**What you have to do**. Everything from the line with "Pouzdro pro tablet" to the end of the data below, both lines included, should be transcribed exactly; please omit the pictures.

**Dataset content**.
════════════════

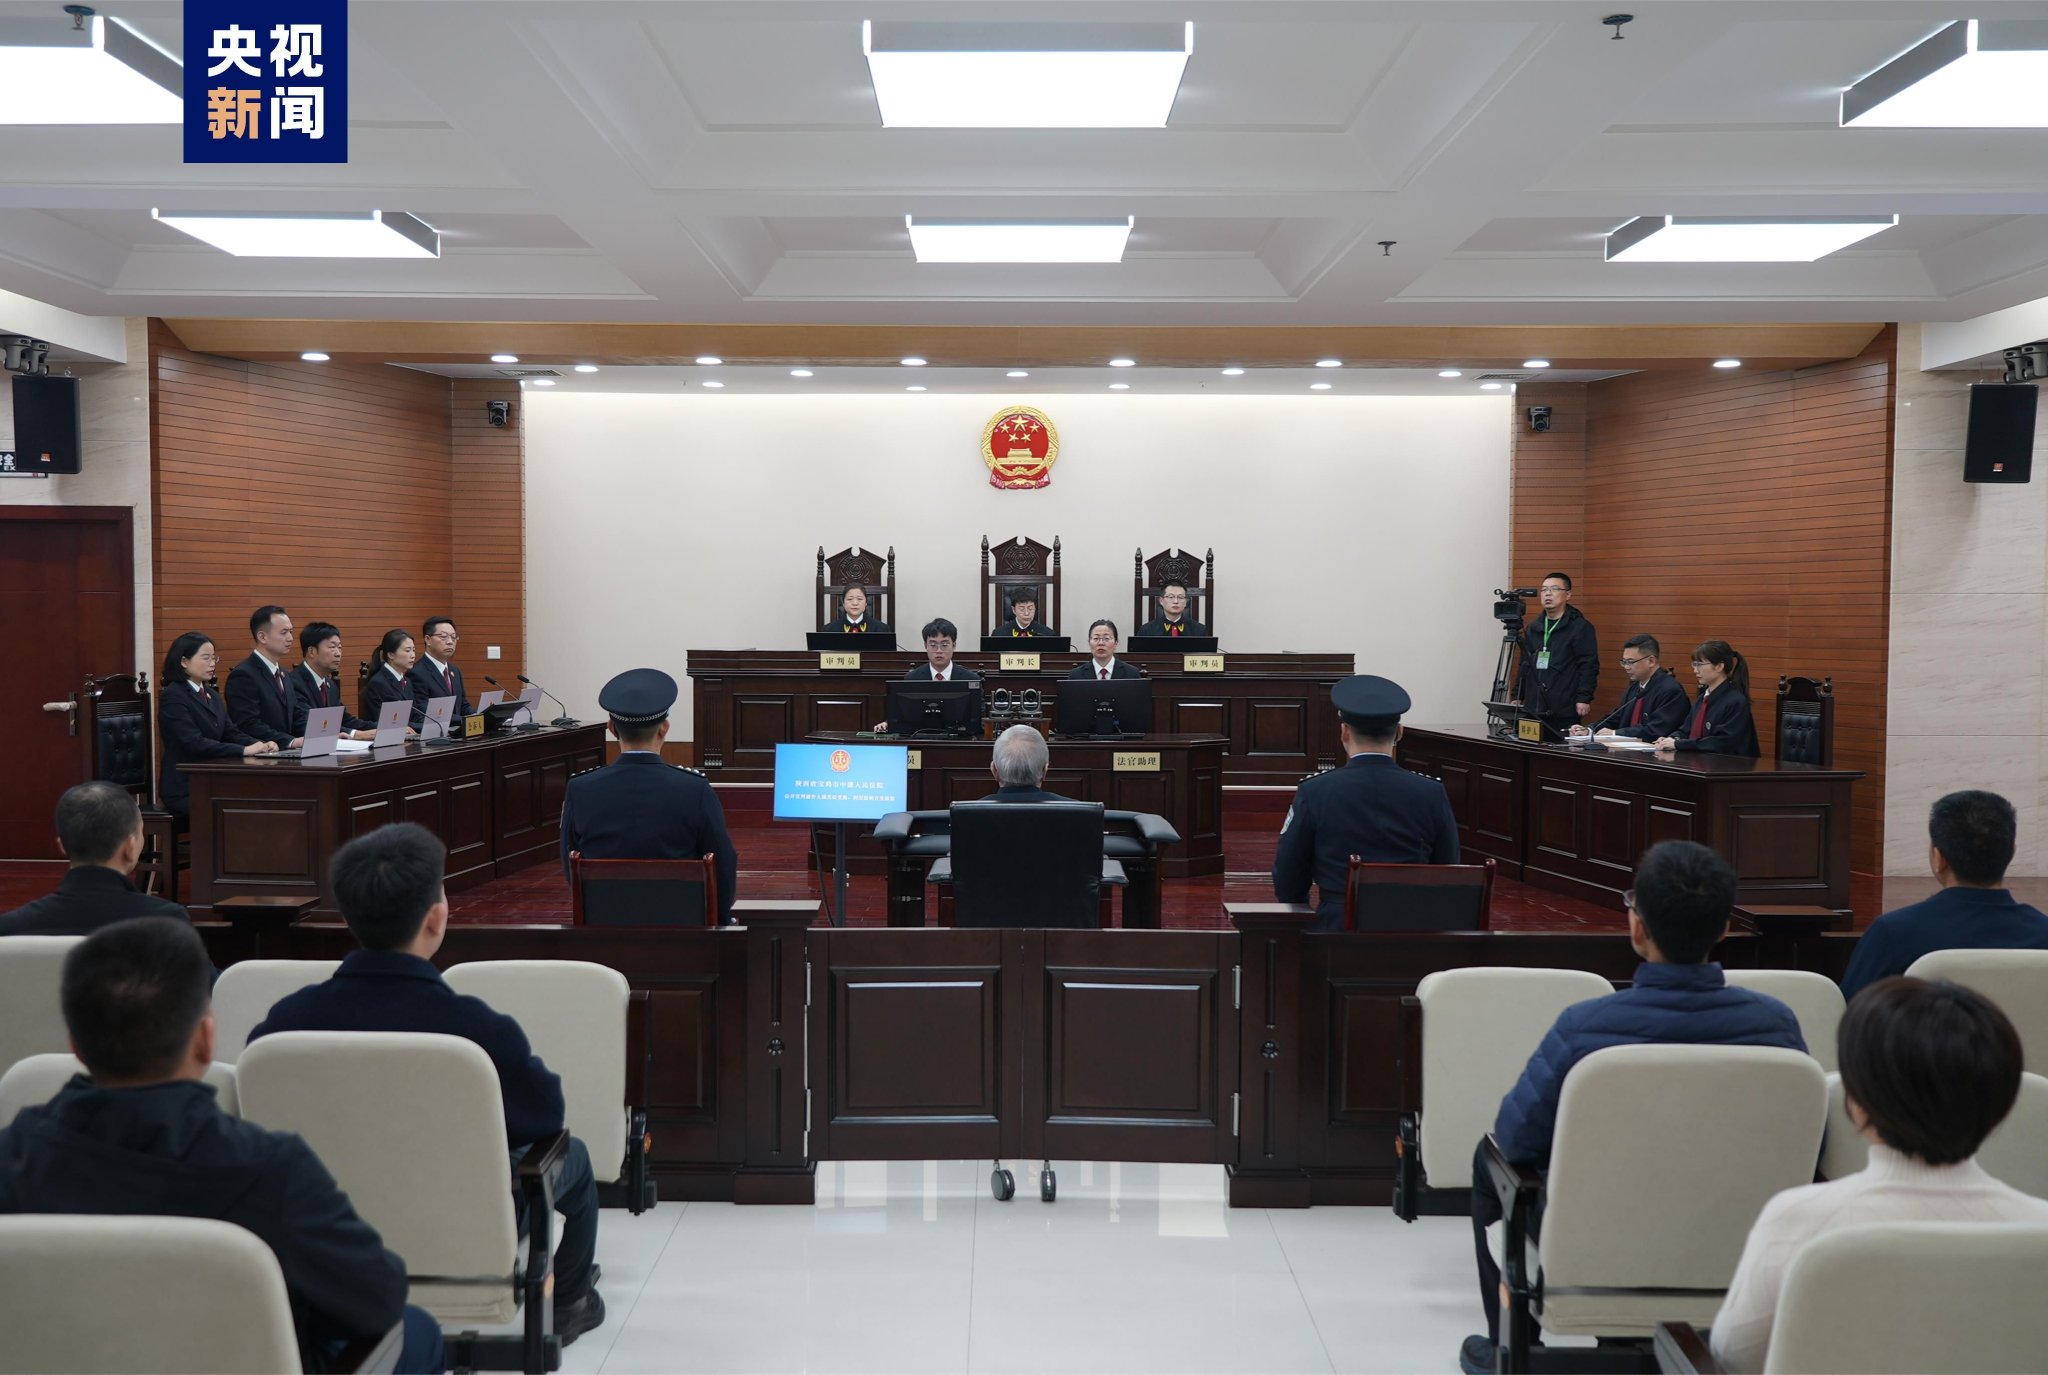 原中国铁路总公司总经理盛光祖受贿案一审被判15年 并处罚金600万
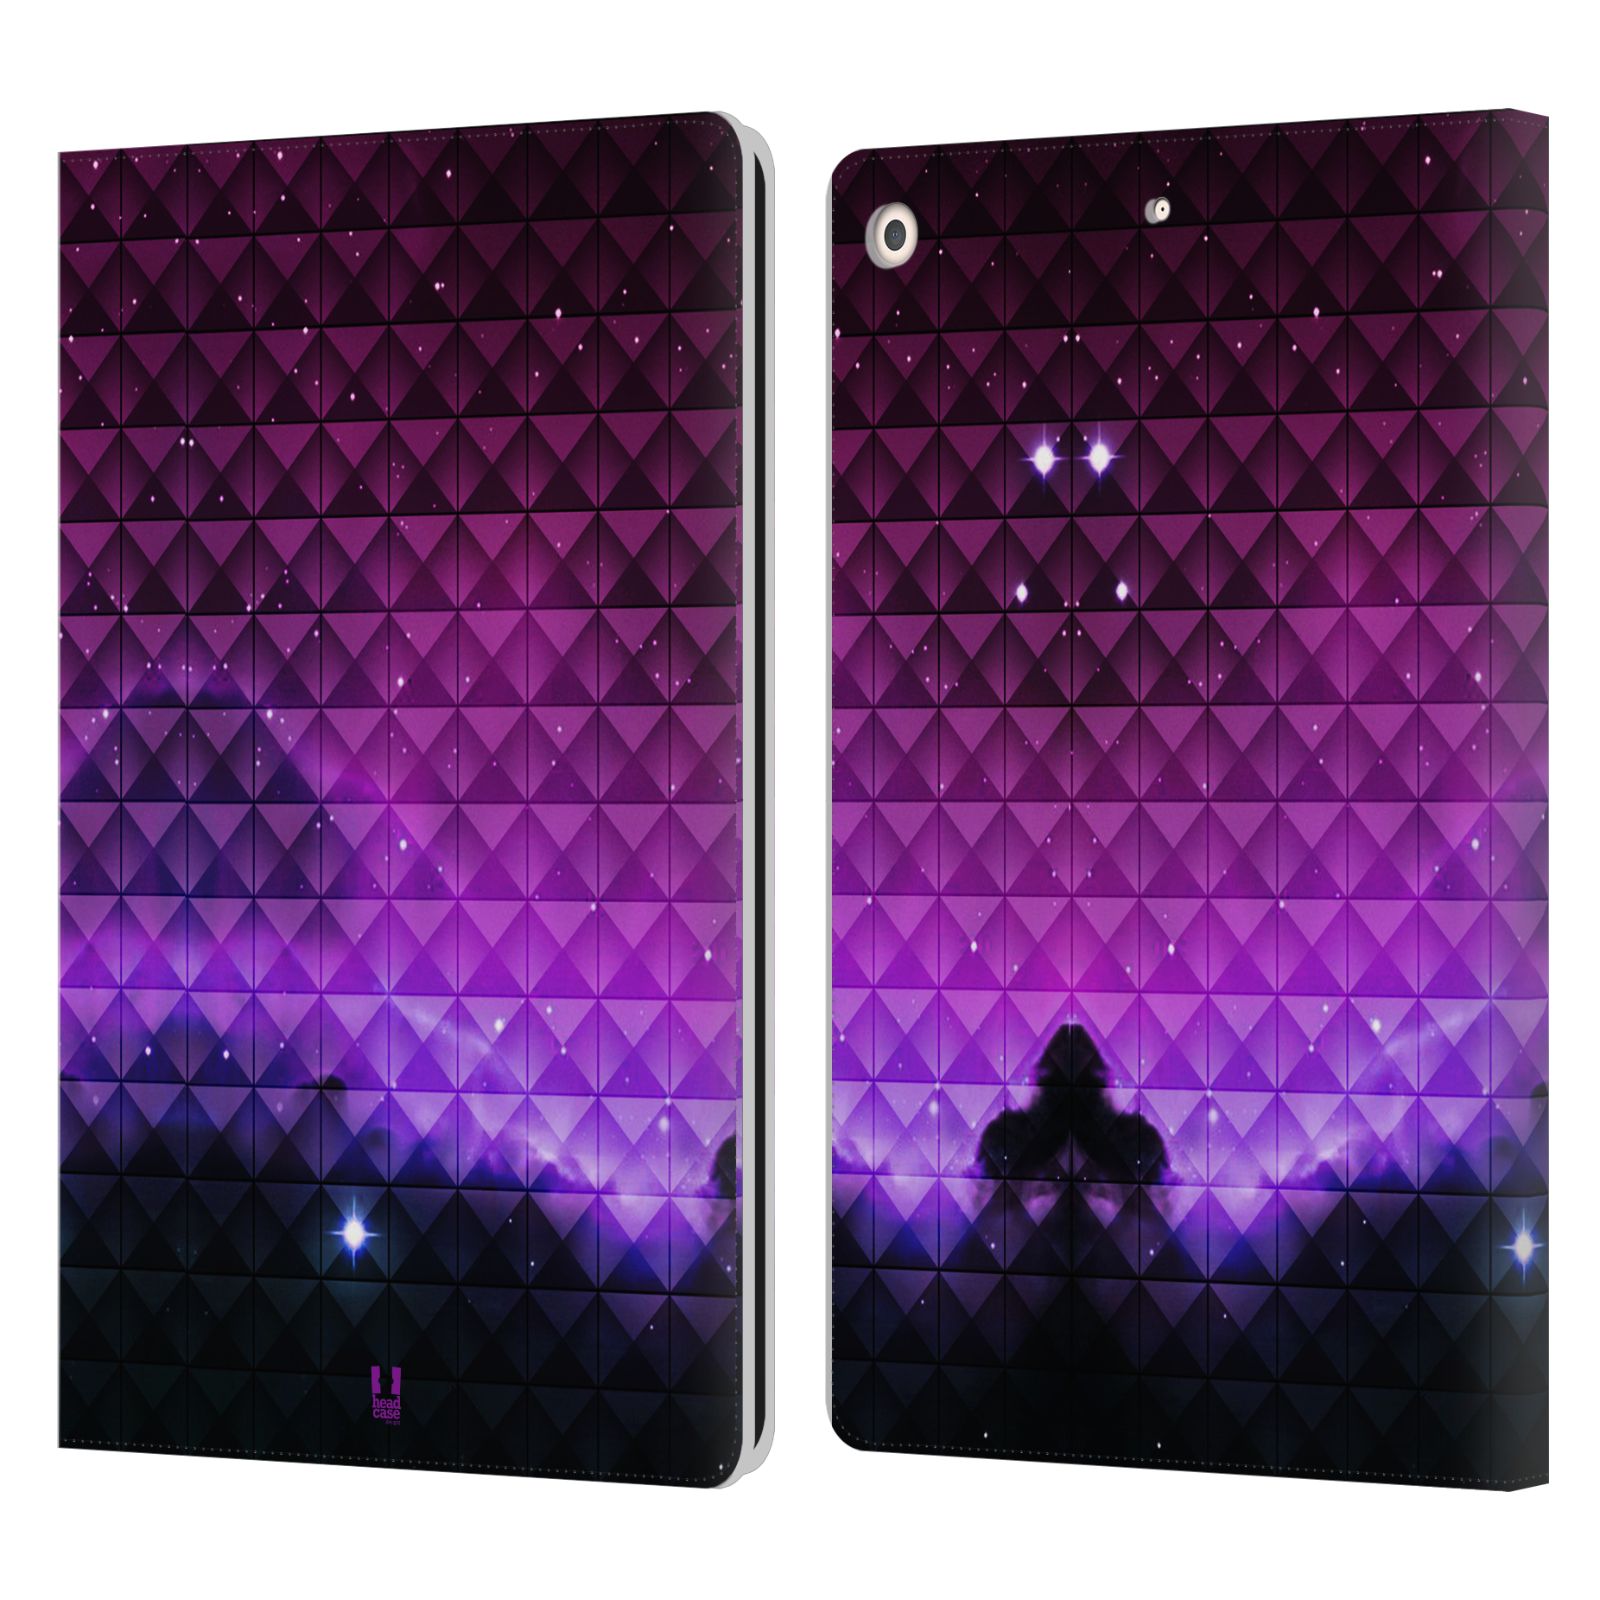 Pouzdro pro tablet Apple Ipad 10.2 - HEAD CASE - barevná vesmírná mlhovina fialová a černá
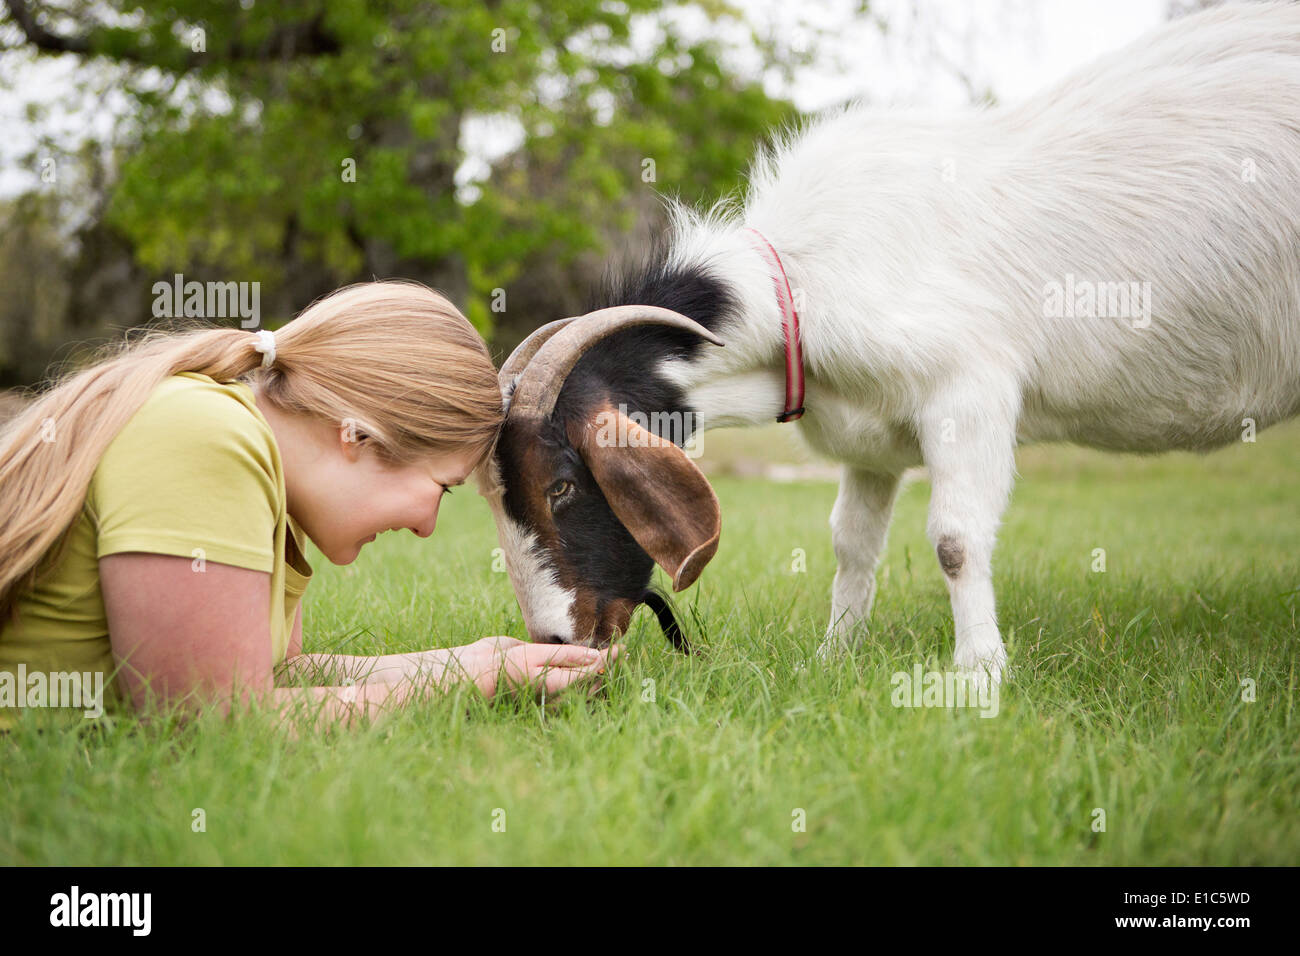 Ein Mädchen mit einer Ziege auf dem Rasen Kopf an Kopf liegen. Stockfoto
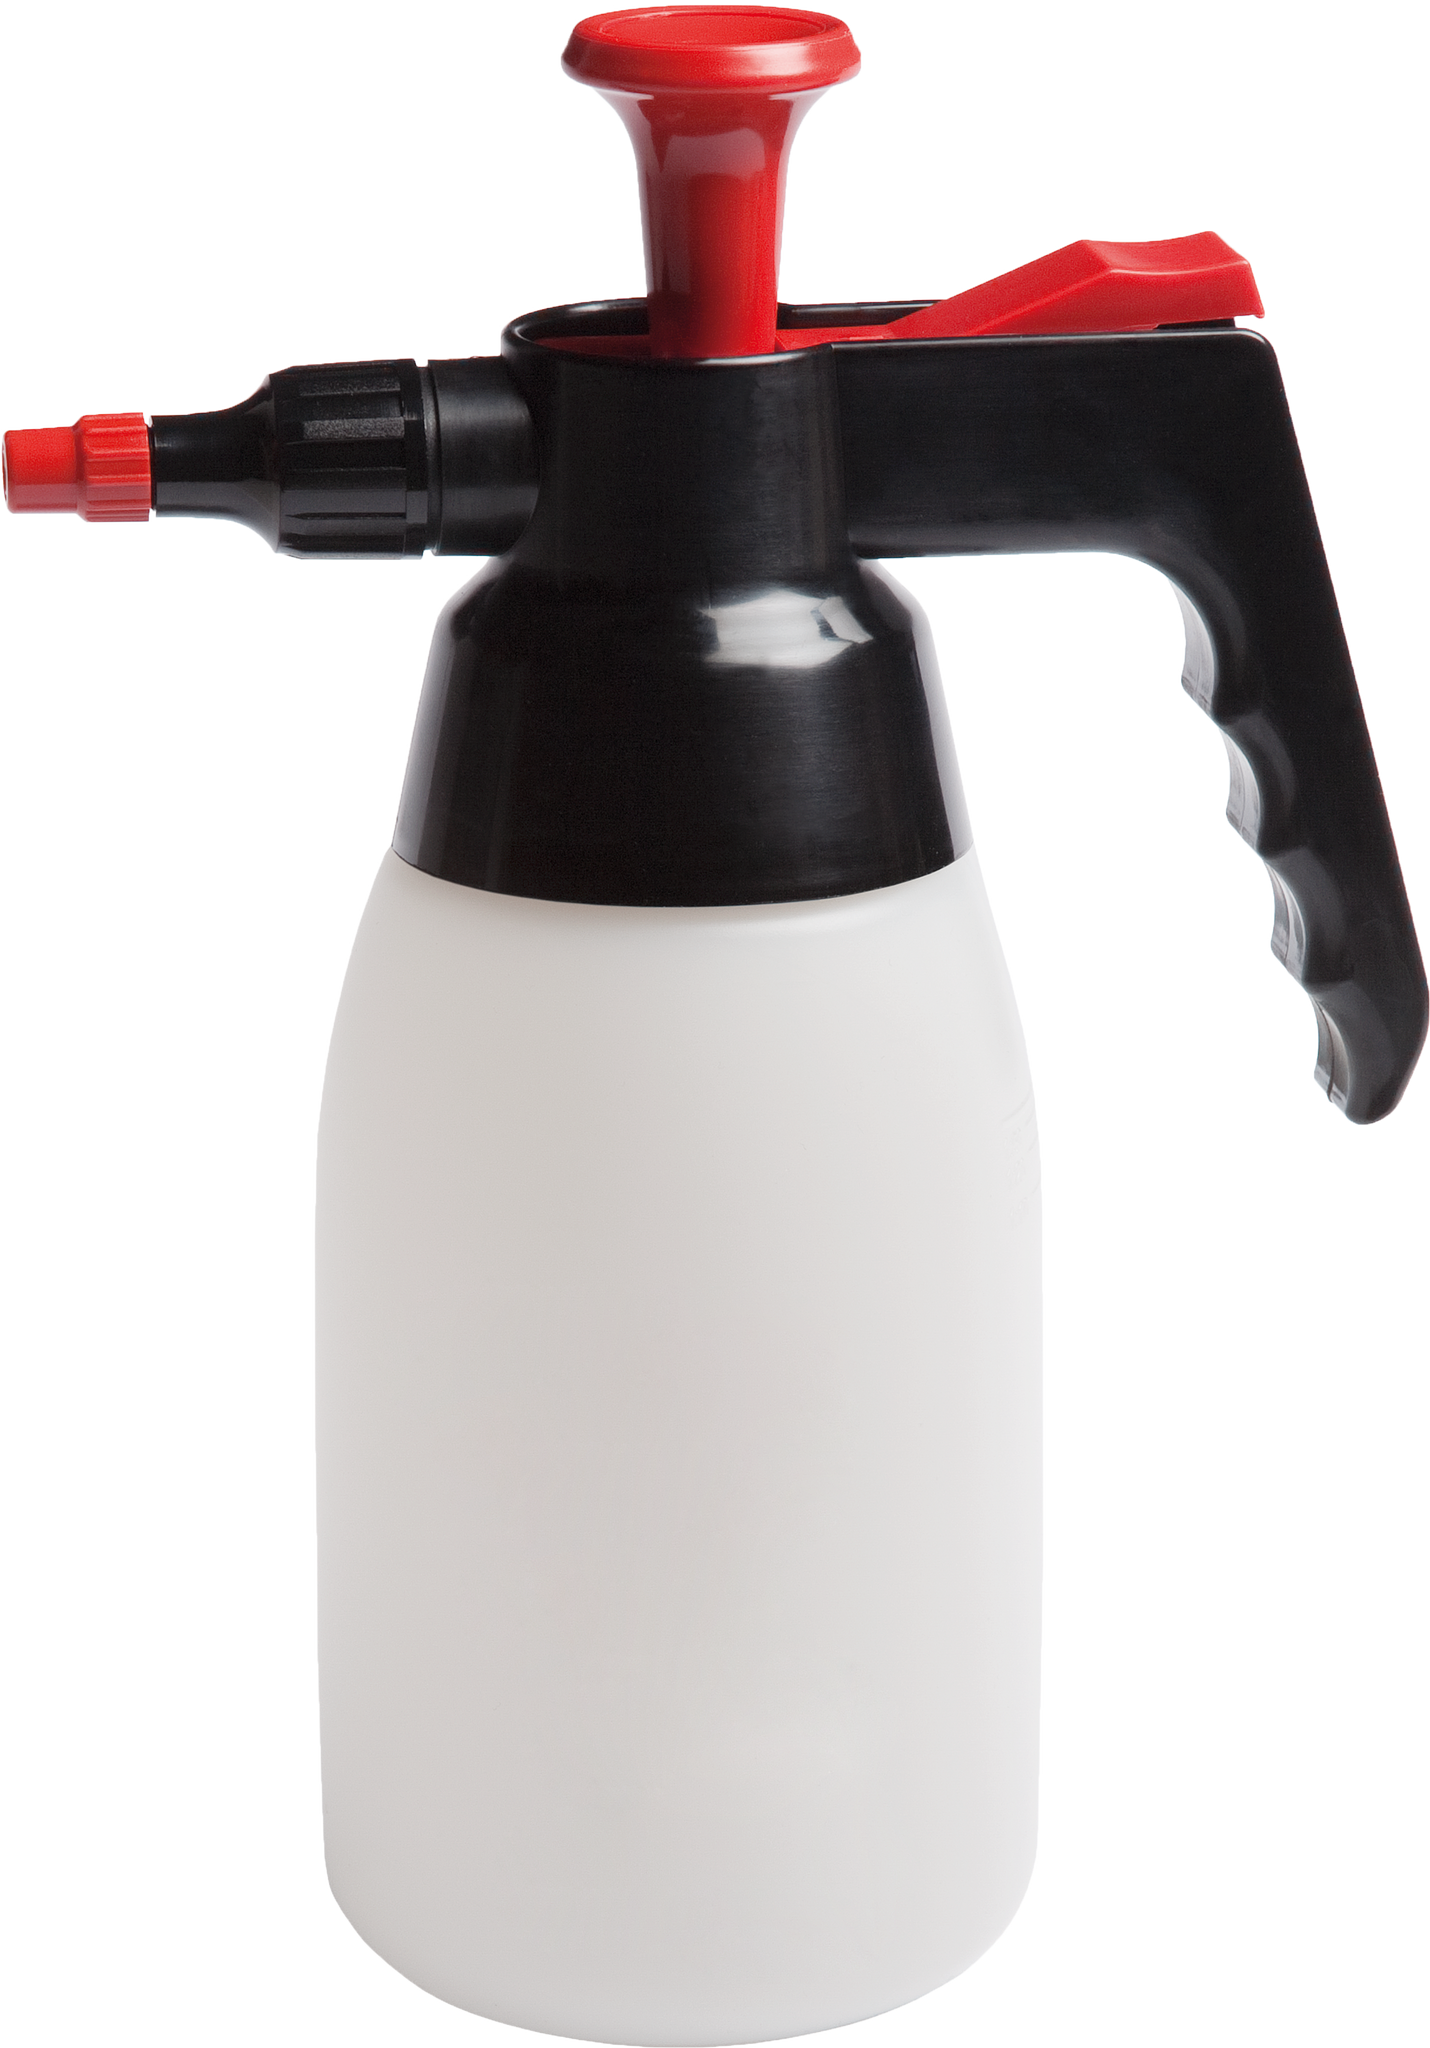 Pump Spray Bottle

════════════════

**Response to this task**.
 Pouzdro pro tablet Apple Ipad 10.2 - HEAD CASE - barevná vesmírná mlhovina fialová a černá
 Ein Mädchen mit einer Ziege auf dem Rasen Kopf an Kopf liegen. Stockfoto
 Pump Spray Bottle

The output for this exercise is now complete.